Ja, werden wir probieren, aber mit den Hornies wor dat ja man nix...#c 
Gift das halt wider Dorsch vom Grill. :q


----------



## darth carper (27. Mai 2005)

*AW: Hornhechtrezept ??*

Ich habe gehört, daß Hornhechte recht viele Gräten haben und man sie daher besser einlegt.
Wer hat denn ein Rezept für die richtige Lake?


----------



## Kochtoppangler (5. Juni 2005)

*AW: Hornhechtrezept ??*

gibts irgendwelche tricks die gräten zu entfernen?
hab letztens welche gebraten , waren auch lecker aber das gräten puhlen war die hölle !


----------



## knurrxxxxxx (5. Juni 2005)

*AW: Hornhechtrezept ??*

Rezept für Lake zum einlegen:

je nach Menge des Fisches

1 ltr. Wasser
ca. 0,2 bis 0,3 ltr Kräuteressig
ca. 6 Eßl Salz
ca. 4-5 Eßl Zucker
2 Tl Senfkörner
4 Lorbeerblätter
und wer hat 2 Tl Dillsamen

dann ca 4 Zwiebeln in Ringe schneiden. Kleiner Tip : wenn der Sud warm ekelig schmeckt ist er sauer genug. 

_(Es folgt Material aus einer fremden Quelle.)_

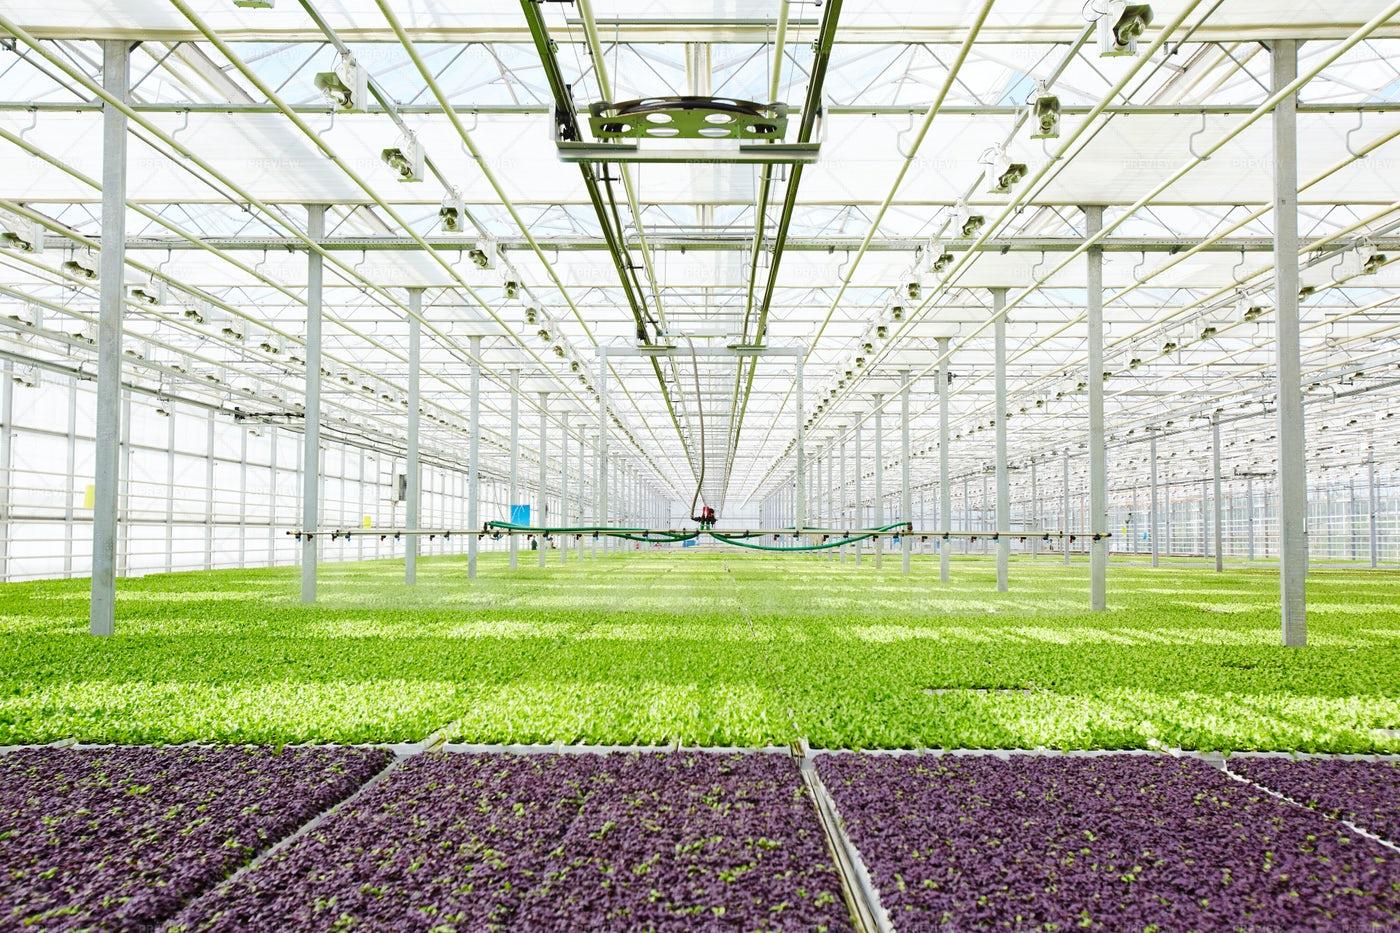 Seedlings In Glasshouse: Stock Photos

Alles aufkochen lassen bis die Zwiebeln weich werden aber nicht matschig.
Die Hornhechte in Stücke schneiden würzen und in Semmelbrösel wenden und in der Pfanne braten. Etwas abkühlen lassen. Sud auch etwas abkühlen lassen und über die Fische gießen. Ca 2 Tage ziehen lassen und dann 

GUTEN HUNGER !!!


Gruß
Claudia


----------



## MichaelB (6. Juni 2005)

*AW: Hornhechtrezept ??*

Moin,





			
				Kochtoppangler schrieb:
			
		

> gibts irgendwelche tricks die gräten zu entfernen?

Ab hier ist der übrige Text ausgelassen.